My draw length is 24.5 inches and I'll probably get a 30 to 35 lb draw weight.


----------



## Targets3D (Jan 25, 2010)

Have not shot either. You may want to consider a Ragim Matrix 66" bow. They come in 2lbs draw weight intervals within your range. It is a great starter bow and very reasonably priced. 
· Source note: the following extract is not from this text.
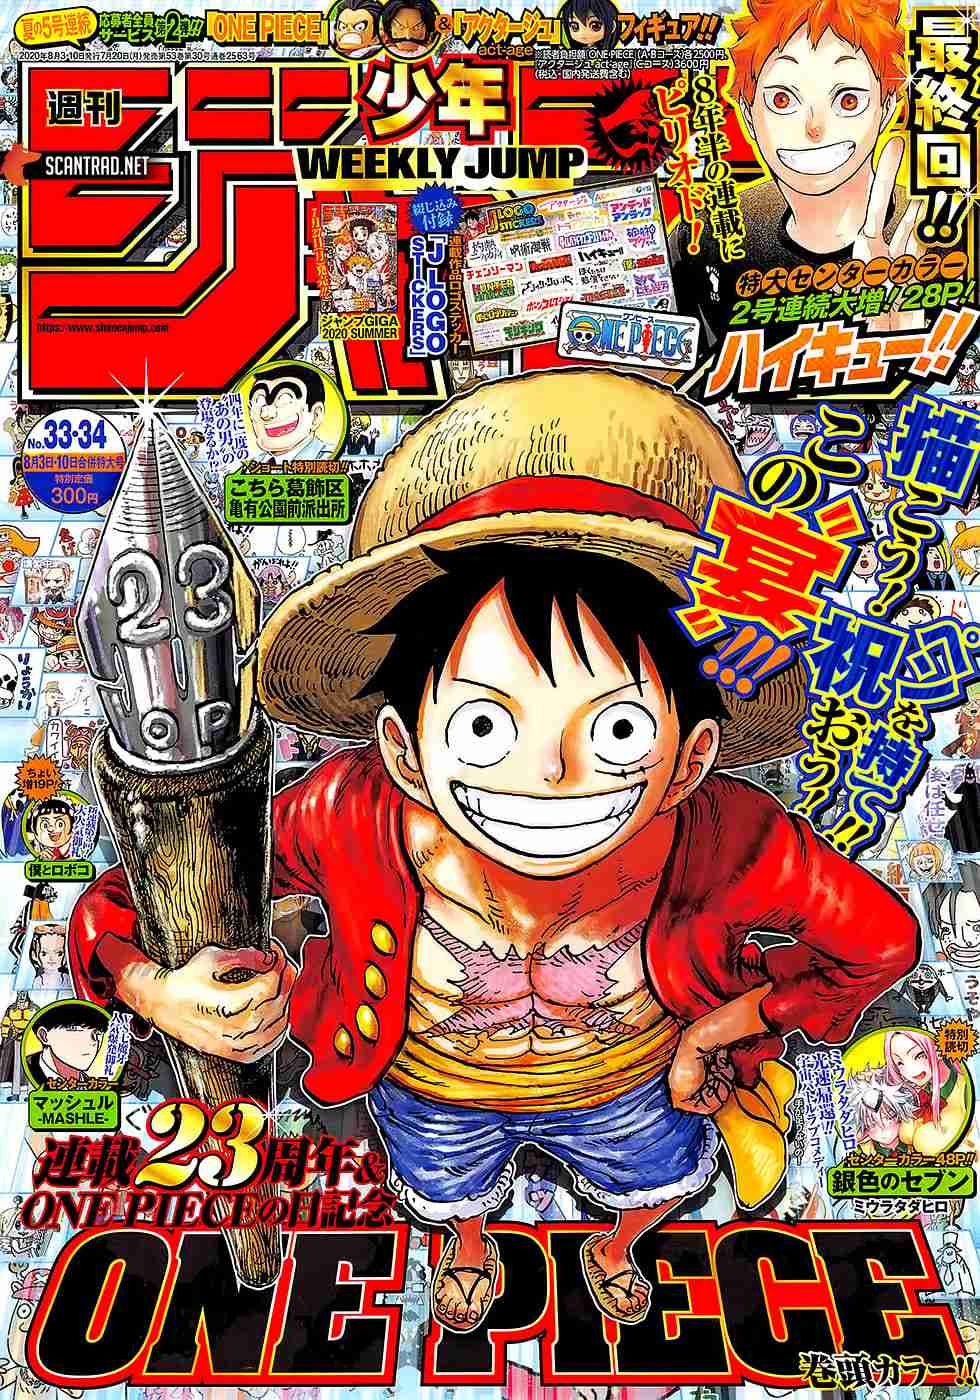 One Piece Ch. 985 The New Onigashima Plan

I am also curious to hear about other's trad rigs.


----------



## southpaw2000 (Feb 9, 2010)

Thanks for your response. I decided to go with the Samick SHB one piece recurve bow, should be getting it soon. There is one guy on the traditional bow forum that said his Ragim bow broke on him, but I see a lot of those bows on the shooting range.


----------



## hogdgz (Jun 24, 2007)

I love the Martin x-200. That grip is awesome! I have never shot one that was the low poundage that I would need, but it is on my list to own one day. Congrats on the new bow and post up some pics when you get her set up.


----------



## hoytmuzzyscott (Jul 17, 2009)

the martin x-200 is a superb one piece recurve, but i had a martin x-150 break in my hands and nearly got gutted my a broadhead. Luckily it was one i had been practicing with and it was dull.


----------



## southpaw2000 (Feb 9, 2010)

Thanks for your replies. Hogdgz, I have also heard that the Martin x-200 grip is a good fit for women. The price seemed to have gone up fast, it's like we are paying for the manufacturer's healthcare plan or something. Perhaps later on I can get it. Hoytmuzzyscott, sorry your Martin x-150 broke on you, what a disappointment. There have been quite a few stories on these boards about bows breaking and I'm not sure what to think. Thanks for the info.


----------